* What is being asked
Would you please transcribe, exactly as written, the lines of the entries below starting at the one that holds "Lockheed P-3 Orion" and ending at the one that holds "DressBerry Pink &", both included?

* Data supplied
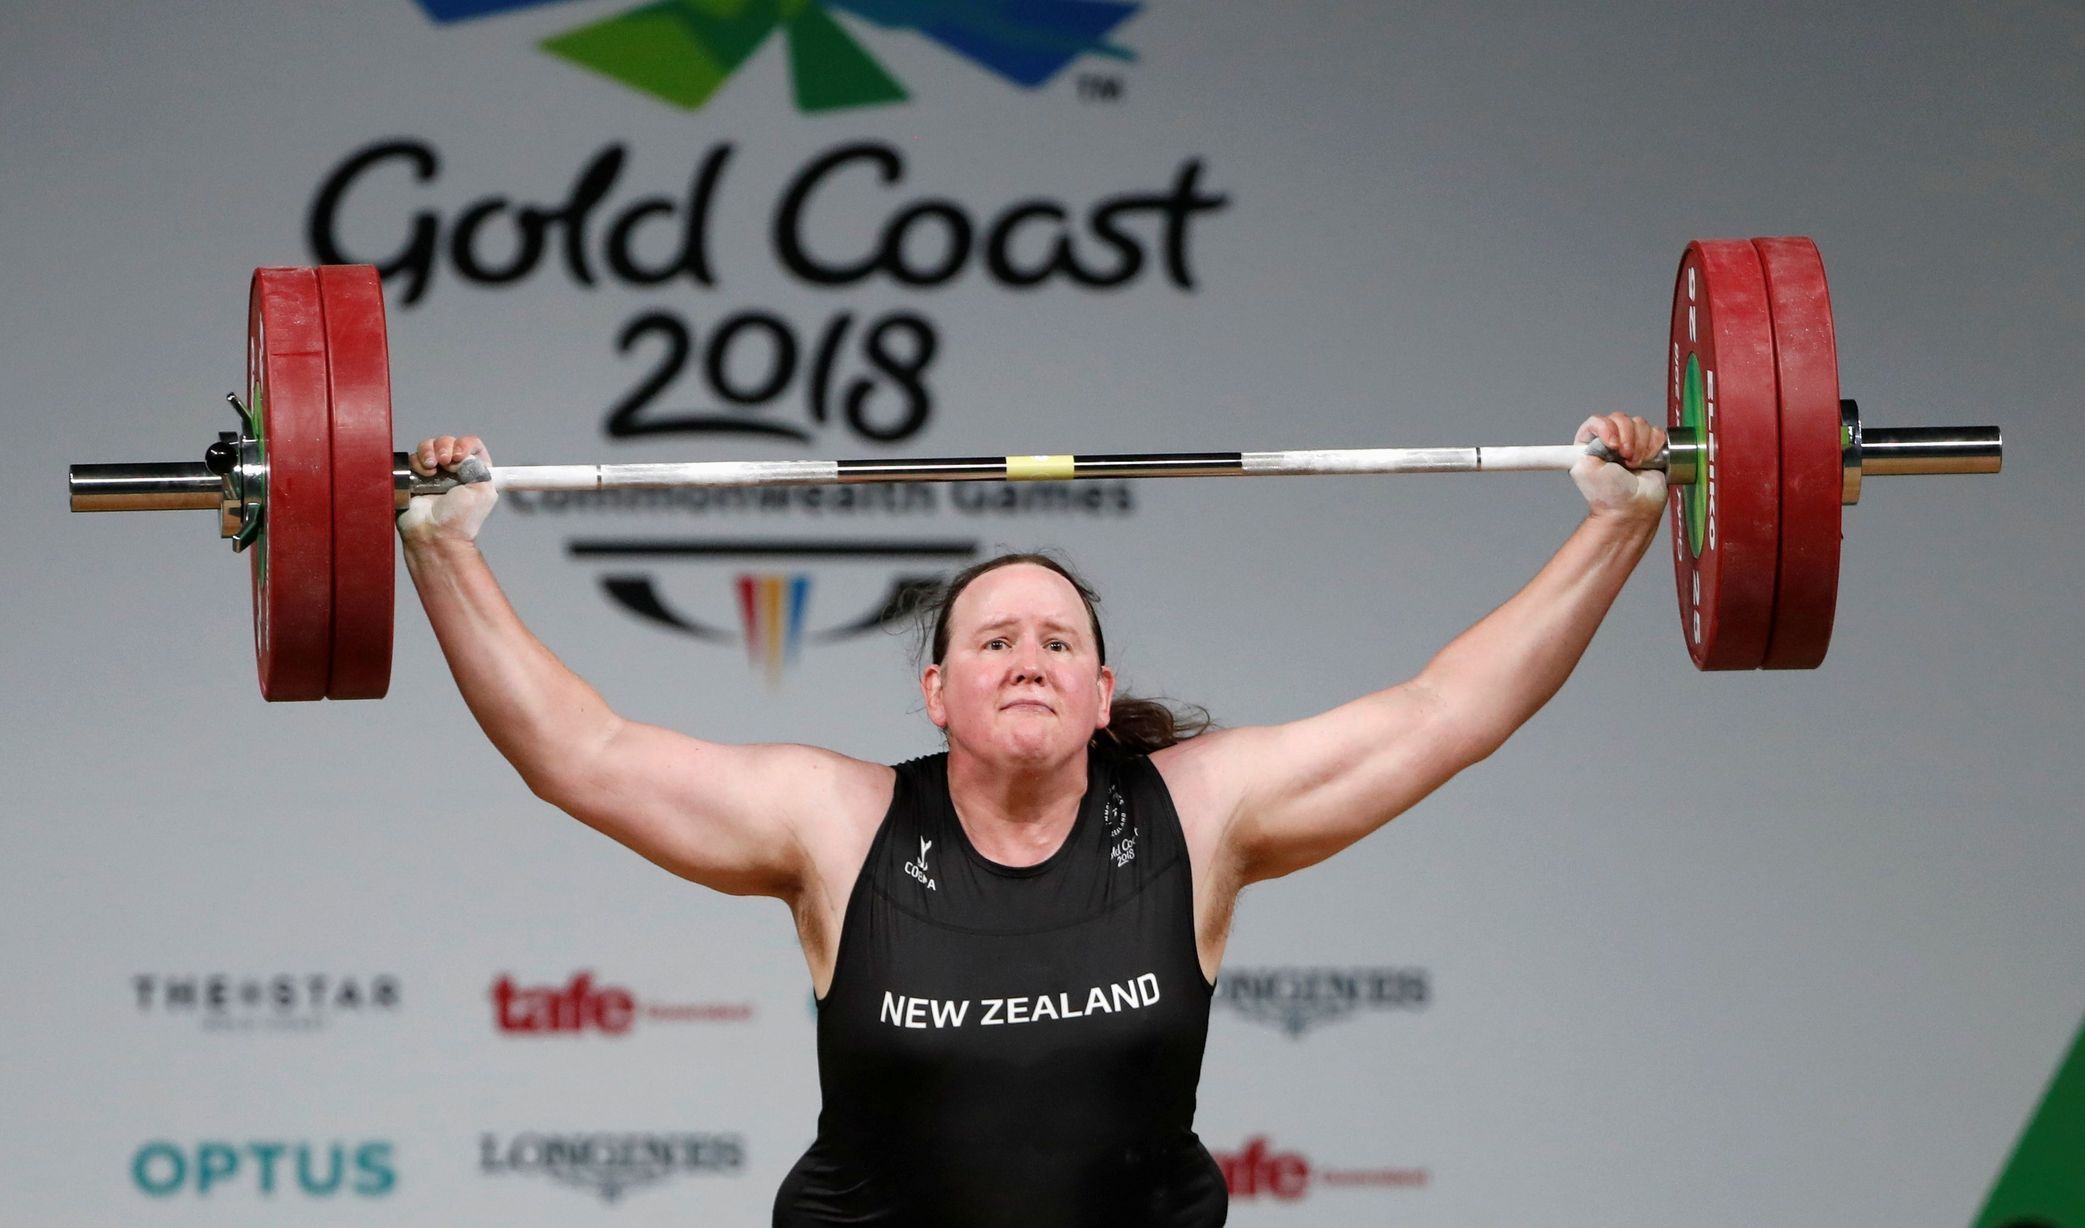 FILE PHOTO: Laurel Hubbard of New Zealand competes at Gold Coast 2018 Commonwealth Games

---

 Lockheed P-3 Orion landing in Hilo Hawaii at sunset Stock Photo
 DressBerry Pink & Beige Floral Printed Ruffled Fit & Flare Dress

==

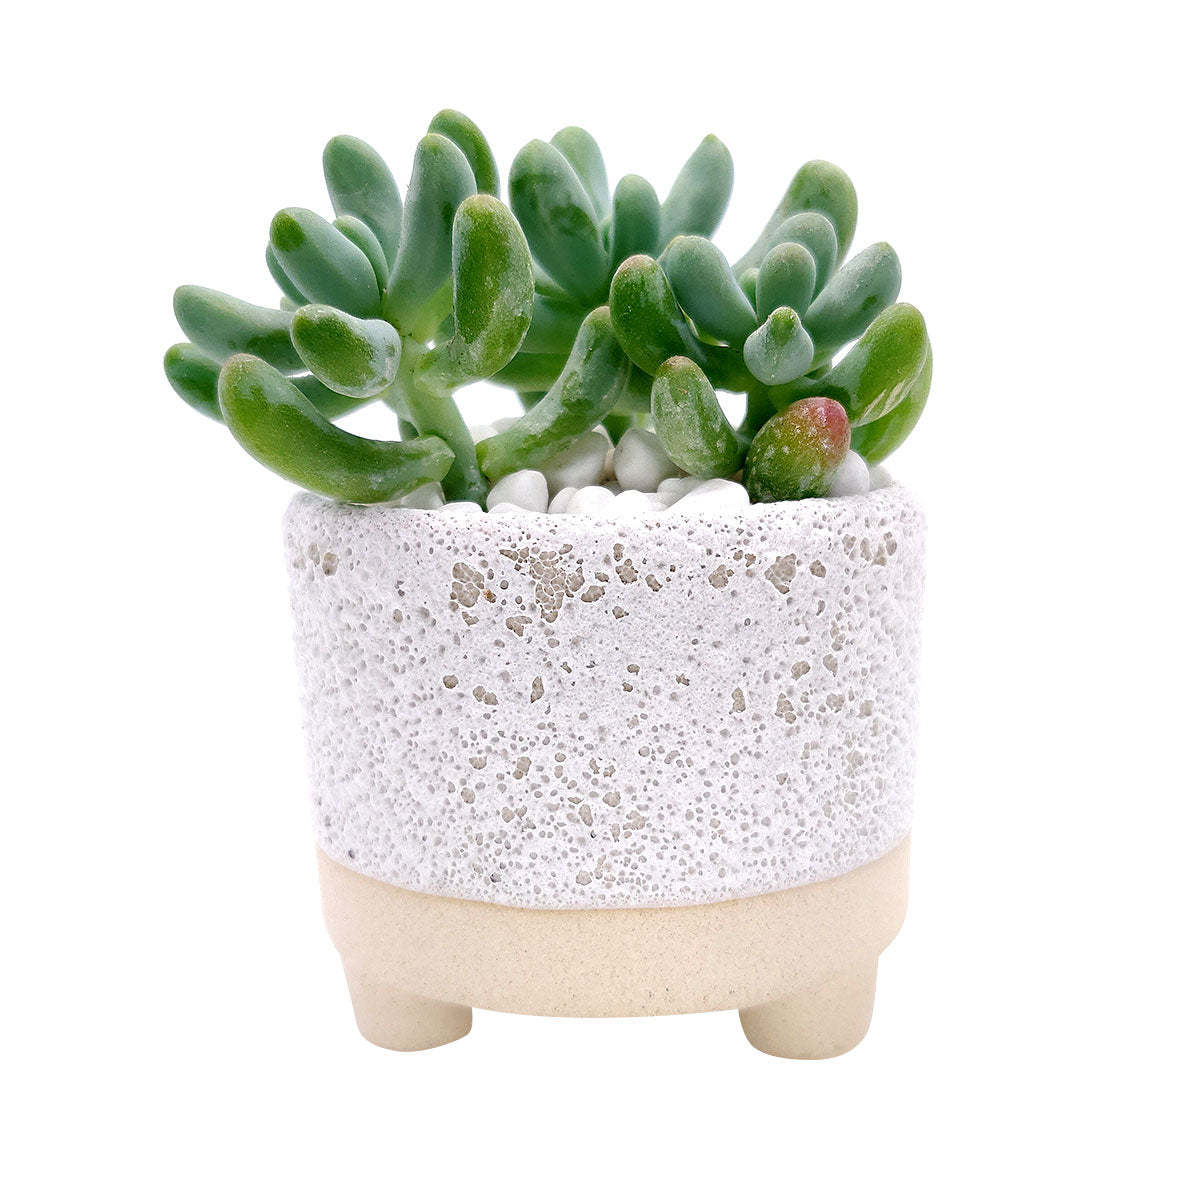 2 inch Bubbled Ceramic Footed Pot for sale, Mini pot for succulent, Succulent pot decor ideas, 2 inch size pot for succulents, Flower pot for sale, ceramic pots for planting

* Result
 Lockheed P-3 Orion landing in Hilo Hawaii at sunset Stock Photo
 DressBerry Pink & Beige Floral Printed Ruffled Fit & Flare Dress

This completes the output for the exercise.